Crazy in Love
I rely on my other senses and lick her lower lips like a melting popsicle. Despite the cavernous feeling of her skirt wrapping around me, I’m privy to her moans and can feel her body wiggle as her legs open wider, welcoming me in.
When my tongue plunges into her entrance, her knees grip my shoulders, and her back arches off the bed. The pressure of her hand on my head is felt as she holds me there. “Don’t leave me, Harrison . . .”
I don’t stop, though the words get stuck in my head. Why would I leave her? Why would that even cross her mind at a time like this? Who the fuck is leaving her unsatisfied?
The pressure intensifies, and she continues, “So good. Don’t stop. Yes . . . yes . . . so good.”
Picking up the pace, I fuck her with my mouth and then add a finger into the tightness of her swell.
The need to come is building, and my erection seeks relief against the bed, though it does nothing to satisfy my urge to be inside her. Distracting myself from my own needs, I take advantage of the time to reacquaint myself with what turns her on.
Hot breath makes her moan.
A flat-tongued lick has her panting.
A good old-fashioned finger fuck has her squirming on the bed.
I use one hand to pin her down and then add another finger when she begs for more, faster, harder.
Tremors rip through her body like little earthquakes. I stay steady until her body tenses and tightens around me. My name was rattled off at the peak of her orgasm and then mingled with breathy cursing as she melts into the mattress before me. “Oh fuck, yes. God, yes.”
Pulling back, I watch as she comes undone, and it’s a beautiful fucking sight to behold.
When her breathing steadies, I flip the skirt off my head, and it flies over her face. Tugging it back enough to reveal her beauty, I then drop my hands down on either side of her head. “You have a dirty fucking mouth, baby.”
“Only when it comes to you.”
“Speaking of coming.” I kiss her—heated more than before and hard as I take control of her tongue. My hips push against the apex of her thighs, and I grind against her. “See what you do to me?”
“I don’t want to see. I want to feel you inside me.”
Fucking hell. She’s going to kill me dead with her words alone. “I want you naked on the bed. Or bent over the dresser . . . in the living room. Your choice, but you only have until I’m naked to be ready for me.”
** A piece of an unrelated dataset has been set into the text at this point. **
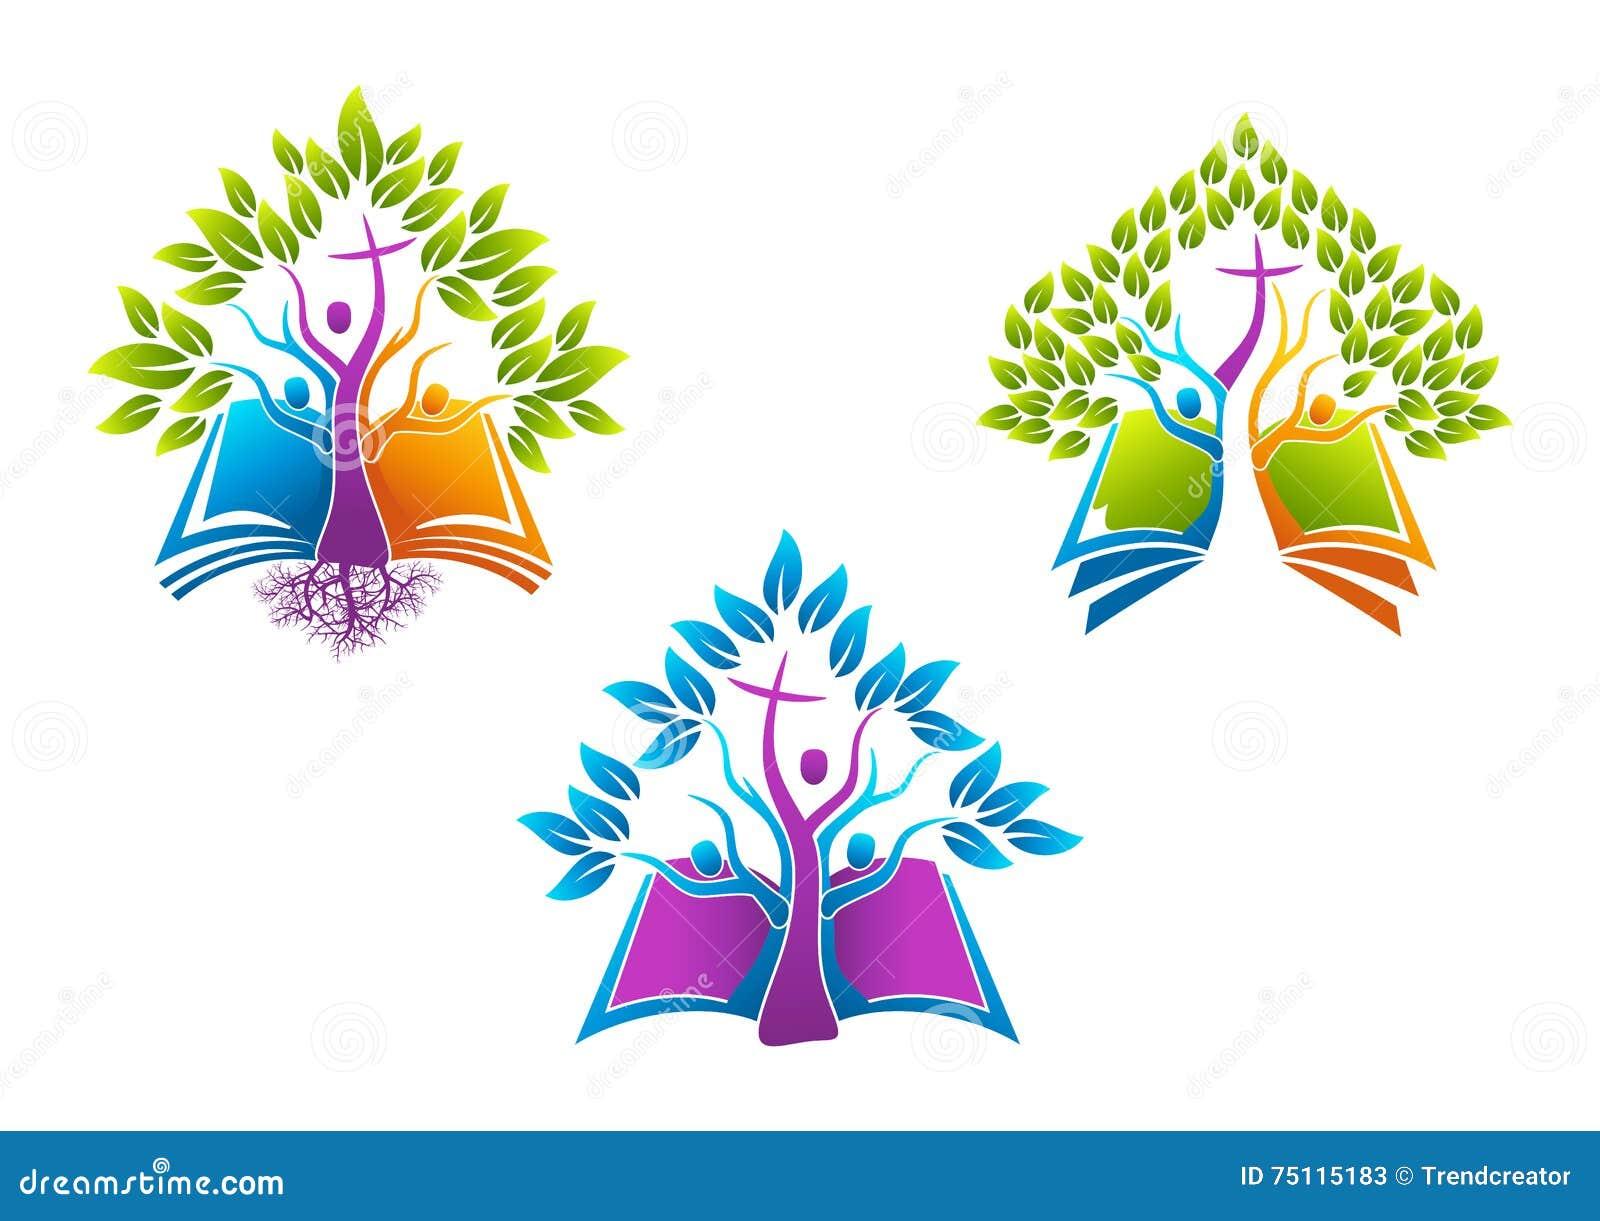 Χριστιανικό λογότυπο δέντρων Βίβλων, ιερή οικογένεια πνευμάτων εικονιδίων ρίζας βιβλίων, διανυσματικό σχέδιο συμβόλων εκκλησιών α

She scrambles to her feet. With her back to me, she twists to unhook the fasten on the side of her skirt. That puddles around her feet as she starts on her top, unzipping the side and pulling the body-hugger down before stepping out of that as well.
My pants are hanging open, and my shirt is almost unbuttoned when she pulls the clip from her hair, and it cascades past her shoulders to her back to hang with the rest. Her ass is round and smooth, drawing me closer. I grab her cheeks, and she stills. Glancing at me over her shoulder, she says, “Patience is a virtue.”
“I have none when it comes to you.”
A sneaky grin slides across her face before she leaves me with an erection aching to be freed. I finish undressing, trying to decide how I’m going to take her first. She crawls onto the bed, flaunting her ass, so I ask, “Is that an invitation?”
Slipping her feet under the covers, she doesn’t scramble to hide her body but taunts me with the sight of it before tempting me to rip these covers off the bed entirely.
I take my time and walk around to the side of the bed, my dick hard and my eyes never leaving hers. I’m about to climb into bed next to her when my stomach plummets. “Fuck.”
How is this possible?
Why would I be so dense?
"What’s wrong?”
I haven’t been carrying protection around Manhattan. I had no reason to. It’s not like I’m fucking every girl who asks in LA, and believe me, they ask and often. But I’m usually prepared just in case. “I don’t have a condom.” I’m finally with the girl I can’t stop thinking about, and I’m blowing it. “Do you have one?”
“Those went bad a long time ago.” Unfazed to the panic I feel inside, she rests her hands behind her head. “How long has it been?”
It’s not that I’ve been with so many in the last year. It’s that they weren’t memorable enough to recall on demand. “Four months, maybe five. I never went without a condom.” I don’t even know what I’m saying. I mean, it’s the truth, but why does that matter now?